Луи Вутон - Армин Кыомяги
Шрифт:
Интервал:
Закладка:
Ласковый дым согревает атмосферу и щекочет благодарные ступни Создателя, когда он, сгорбившись на террасе, болтает своими божественными конечностями. Старику тепло и приятно. Он гордится директором административно-хозяйственной части.
Хозяйственник же возвращается в город. Опустив стекло, он высовывает наружу свое запачканное сажей лицо и улыбается небу. И небо улыбается ему в ответ. Аллилуйя!
22 ноября
Открыл новый вид терапии против пустоты и одиночества – чтение вслух. И как я раньше до этого не додумался. Дал обвести себя вокруг пальца всему этому необъятному массиву биографий, решил, что их въедливые погонные метры и составляют подавляющую часть литературного рынка. Я ошибся. Здесь тысячи книг, хватило бы не на одну жизнь, а то, что я до сих пор видел в этих богатейших залежах – не лекарство для души, а исключительно растопка с глубокомысленными портретами на глянцевых обложках.
Если не учитывать плакаты и инструкции, то к чтению в целом дикарь во мне относится с безответственным высокомерием. Но, кажется, я перехитрил его. Убедил использовать книги для поддержания внутреннего костра. Дикарь боится холода, а потому соглашается. Ведь жизнь порождена солнцем, а не снегом или льдом.
Решил исследовать истоки. Упаковался в шубу и уселся в отделе детской литературы. На столике передо мной убывает по глоточку Martell VS.
Начало простое и красивое. Весело раскрашенные мишки и лисички вперемешку с каким-нибудь придурковатым волком и бесполым зайцем. Мир состоит из семьи и друзей, часть которых добрые, а остальные не очень. Мамы – это те, кто тоннами стирают белье и пекут к воскресенью пирог с клубникой, носят вечные юбки, под которые никто не заглядывает. Папы большие и добродушные, слегка витающие в облаках и, по сравнению с мамами, довольно неуклюжие. Если мамы на сцене постоянно, то папы время от времени куда-то деваются. Иногда такое исчезновение обозначено как «пошел на работу», но довольно часто отсутствие папы никак не объяснено, отчего кажется намеком на какие-то тайные обстоятельства, знать о которых сызмальства вредно для детской психики.

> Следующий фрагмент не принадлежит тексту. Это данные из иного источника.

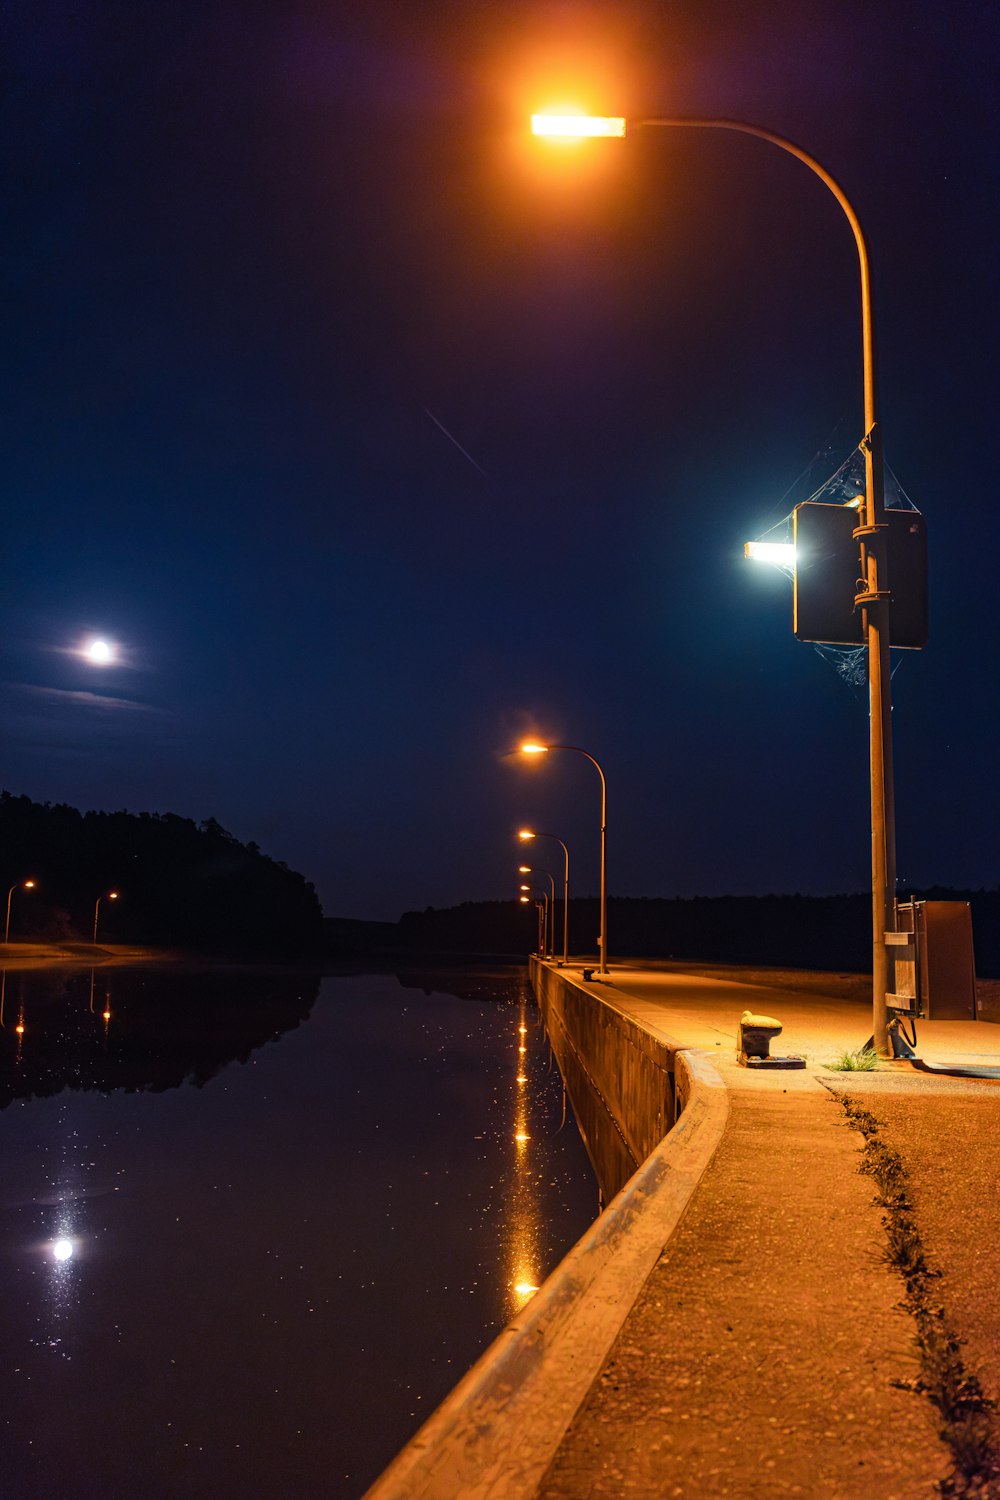 a street light next to a body of water at night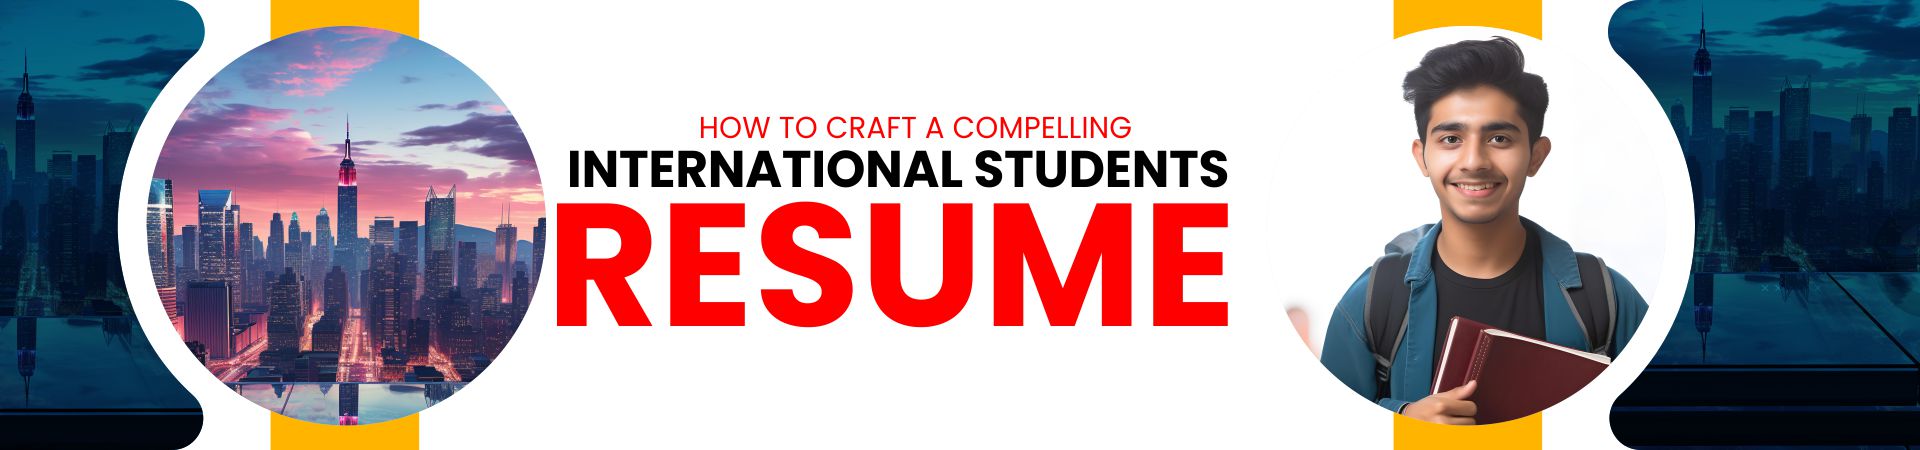 How to Craft a Compelling International Students Resume

Мы узнаем, что слово «белка» начинается с буквы Б, что если к двум румяным яблокам прибавить еще одно, то вместе их становится уже три. Зла в природе не существует, об инфляции – ни слова.
Несмотря на некоторые недостатки, нельзя отрицать известного очарования такого инфантильного мира. Я запросто представляю себя в нем милым медвежонком, который днем, уцепившись за мамину юбку, разбирает буквы, а когда наиграется, сам аккуратно складывает кубики обратно в коробку, получая в награду приторно сладкого петушка на палочке. Но ночью, когда улетучивается воздействие маминой сказки на сон, во мне просыпается наследственный бесенок. Я выбираюсь из кроватки и вперевалку тащусь за папой в темный лес, где вокруг демонического костра собираются и другие папашки-медведи, страдающие от бессонницы. Спрятавшись за кустом, я наблюдаю за происходящим и дрожу от возбуждения и страха. Улавливаю отдельные знакомые слова, но чем больше опустошается бутылок, тем непонятнее становится речь медведей. Вдруг невесть откуда появляется заяц-гермафродит. Он в темноте выглядит как-то особенно – длиннющие блестящие ресницы, а в улыбке нечто такое, что заставляет меня, маленького медвежонка, краснеть до корней волос. У него сиськи торчком, размером больше чем у моей мамочки, а юбка такая короткая, что я волей-неволей обращаю внимание на прыгающие под ней колокольчики, когда заяц безудержно пляшет в объятиях мужчин. Для моего детского рассудка такая смесь мужского и женского – это уже слишком. Медведи по очереди хватают зайца и проделывают с ним нечто такое, чего я не понимаю. Вот и мой папочка плюхнул зайца себе на колени. Свирепо, сопровождая это таким чужим и омерзительным рыком, что мои лапы непроизвольно затыкают уши. Откуда-то прилетает и приземляется рядом со мной пустая бутылка, кто-то вздыхает, словно это последний вздох в его жизни, а кто-то смеется как в последний раз. Мне становится дурно, мне здесь плохо, но один в лесной тьме я обратной дороги не найду. Подбираю с земли какую– то бутылку, нюхаю и, зажмурившись от отвращения, пью. Пью до дна. Дальше не помню.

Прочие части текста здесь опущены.